Énergivore, volatile, peu connue, la cryptomonnaie traîne encore les conséquences de sa jeunesse

Le premier des inconvénients est que cette monnaie n’est pas acceptée partout dans le monde, en plus d’être une monnaie volatile. En clair, vous pouvez être milliardaire aujourd’hui et vous retrouver demain sans un seul rond. Mais sous certaines contrées, il y a des systèmes de réglementation qui réduisent les pertes, comme Stop Loss pour ce qui concerne les Français.

Concomitamment, peu de gens sont formées à décrypter la cryptomonaie. Ce qui fait que le grand public est encore réfractaire à cette monnaie virtuelle. Plus encore, aujourd’hui, les transactions sont irrévocables.

Enfin, la cryptomonaie est énergivore : elle consomme beaucoup d’énergie même si des réflexions tentent de trouver des mécanismes pour réduire le taux de consommation de l’énergie.

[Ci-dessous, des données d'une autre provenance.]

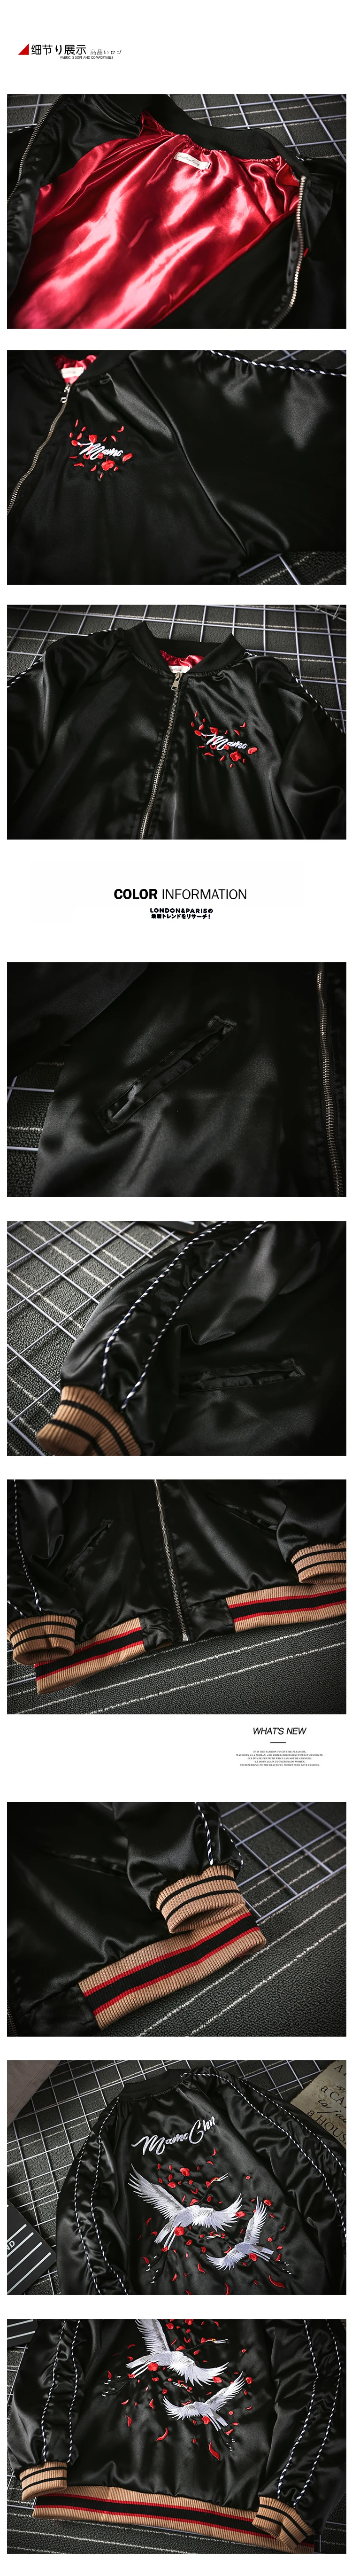 Тренд Вышивка Повседневная бейсбольная одежда мужская куртка Авиатор кран шелковый атлас дизайн Осень Зима Красивый пальто бренд

« Soir du digibusiness » pour lever le lièvre ?

Cette exploration permet  ainsi de s’interroger sur l’opportunité de la cryptomonnaie pour nos contrées africaines ; car oui, l’Afrique est bel et bien concernée par cet ensemble de technologies enchevêtré. Est-ce le glas pour les banques traditionnelles, d’autant plus que les banques en ligne gagnent déjà du terrain en Occident ? Comment les citoyens du monde peuvent-ils contribuer davantage à l’évolution et à la démocratisation de cette technologie ?  

Comment les jeunes entrepreneurs peuvent anticiper sur cette monnaie ? L’événement « Soir du digibusiness » organisé par la fondation Afrik Eveil le samedi 06 juillet aura peut-être le mérite de lever le lièvre.